The often quoted but, I fear, too often unheeded dictum of Marshall McLuhan is that the medium is the message. The dictum is brilliant in both its simplicity and its profundity. The way we do a thing cannot be dislocated from the why and the what (and the who, when, and where).

This is no supra-biblical lesson either. It is the truth behind the prophets’ several warnings that nations come to resemble not only their idols, but their idolatries as well. Which is to say we do not merely become the things we worship, we also become the way we worship (this is the central thesis of Smith’s book, You Are What You Love ).

This is the lesson demonstrated in the irate husband who screams “I am NOT ANGRY” at the top of his basso range while pummeling the kitchen table and calling imprecations upon those various members of his household who dared question his good-natured amiability. His actions are the verdict; his own manner condemns him, proves him wrong; his is the voice of finality raised as the proof of his family’s prior complaint. The medium is the message. And the medium is not neutral in terms of meaning.

Further examples are abundant and I need not fill up this space with them. The above is sufficient. And the implications are many.
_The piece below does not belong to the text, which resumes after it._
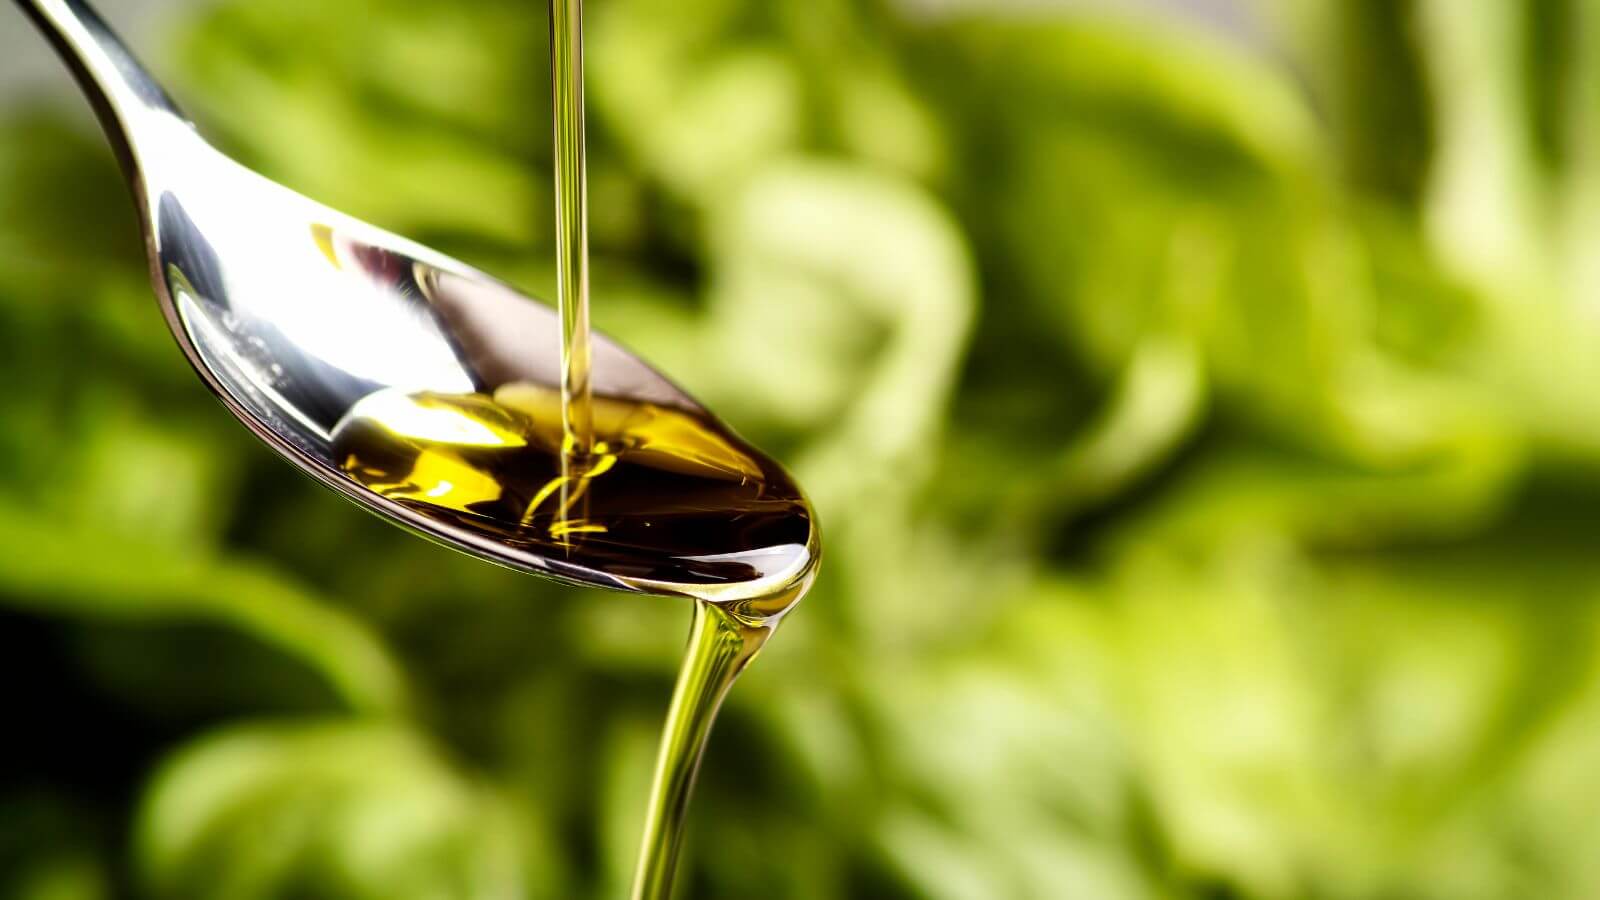 Come rimuovere i residui di colla delle etichette adesive con l'olio extravergine di oliva

We are concerned here, however, only with those implications which carry import for the Church. How does this dictum direct the way that we go about the mission of God’s people on the earth?

If nothing else it drives us to the biblical pattern of worship (viz. a liturgical pattern of worship) and to the rhythms and disciplines of the ancient faith: the common life of accountability, confession, and real discipleship; the fervent study of scripture; the active giving of charity and resources; the seasons of the liturgical year, marked by fast and feast; and the centrality of the Sacraments. For us these things are not mere supplements to some intellectual “interior” message of the Gospel, they are the embodiment of that message. Or, to put it another way, the Gospel is not merely a good or interesting “idea.” It is embodied allegiance to the Person of Jesus Christ the King. And knowing Him means knowing Him as He is offered in the breaking of bread, in the Word, and in the life of His Church.

For Jesus did not come merely to give us some disembodied message but to give us Himself. For he is both medium and message, and, as St. John tells us, the message came down from heaven and became incarnate.

It is not enough therefore, in our estimation, to adopt willy-nilly the practices and methods of growth from late-market America in our desire for growth and fruit. Practices born in industrial competition (fine perhaps for the market) tend to skew the message of the Gospel. Because, remember, the method is the message.

This is where the disciplines and forms of worship which marked the early church bring us so much life as a community. They work to form rhythms and practices so that ours is a community whose “methods and mediums” are in alignment with its desired “message.” Or, more tersely, sicut in caelo et in terra.